By ARK Invest

本レポートは、2023327ARK社のHPに公開された、英語による「Newsletter #359」の日本語訳です。内容については英語による原本が日本語版に優先します。また、情報提供のみを目的としたものです。

 

1. OpenAIプラグイン使用でChatGPTがアプリプラットフォームに変身

By Brett Winton | @wintonARK
Chief Futurist

 

先週、GPT4のリリースに続いて、OpenAI社はChatGPTの拡張機能を発表し、チャットボットが外部のデータやサービスとやり取りできるようにしました。プラグインを使うことにより、ChatGPTはウェブ上でリアルタイムの情報を検索したり、DoorDashで出前を注文したり、Kayakでフライトやホテル、レンタカーを予約したりできるようになりました。つまり、プラグインによってChatGPTiPhoneに対抗できるアプリプラットフォームへと変身したのです。

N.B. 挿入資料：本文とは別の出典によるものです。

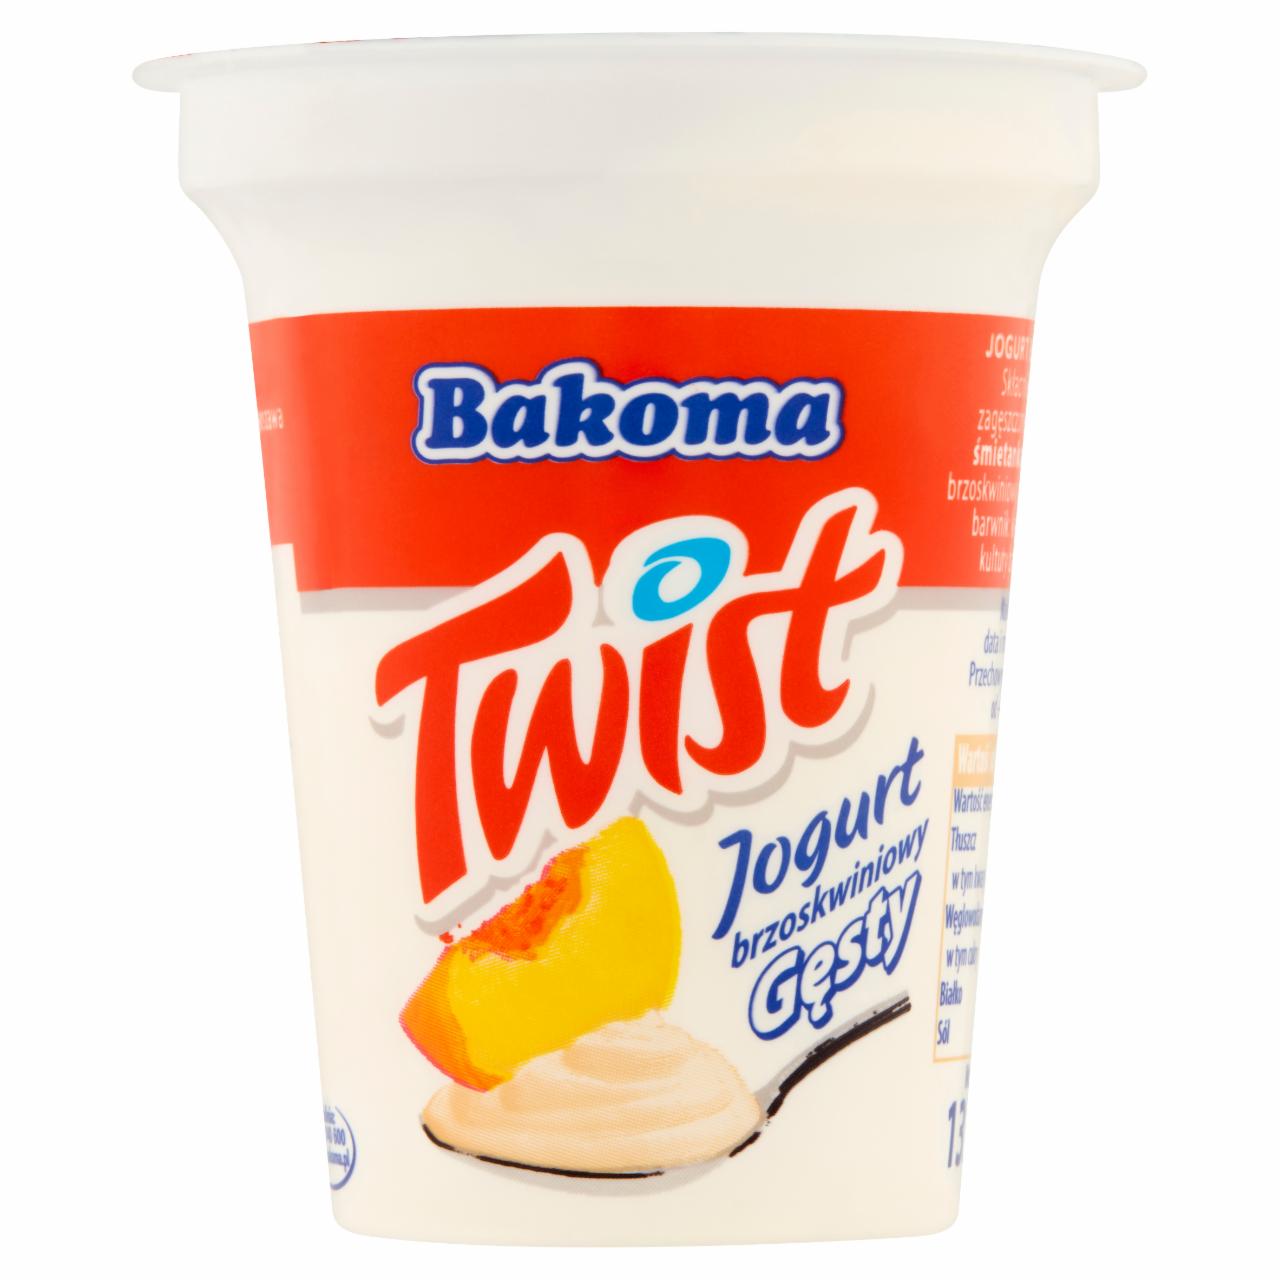 Zdjęcia - Bakoma Twist Jogurt brzoskwiniowy gęsty 135 g

このイノベーションは、ChatGPTの経済的可能性を拡大し、Google検索とApple社のApp Store独占の両方にとって競争上の脅威となると、私たちは考えています。Google社の収益は、消費者や企業が検索し、ウェブサイトからウェブサイトへ移動することに依存しています。しかし、ChatGPTは、プラグインによって、そのプロセスを逆転させます。消費者と企業は、オプションを発見して提示する ChatGPT を使い続けることになるからです。言うなれば1つのリソースが、価格比較、ディナーの予約、完璧なビーチコンドミニアムの検索など、バケーションプランのニュアンスに自然言語で対応できるのにも関わらず、サイトからサイトへ移動する必要はあるでしょうか。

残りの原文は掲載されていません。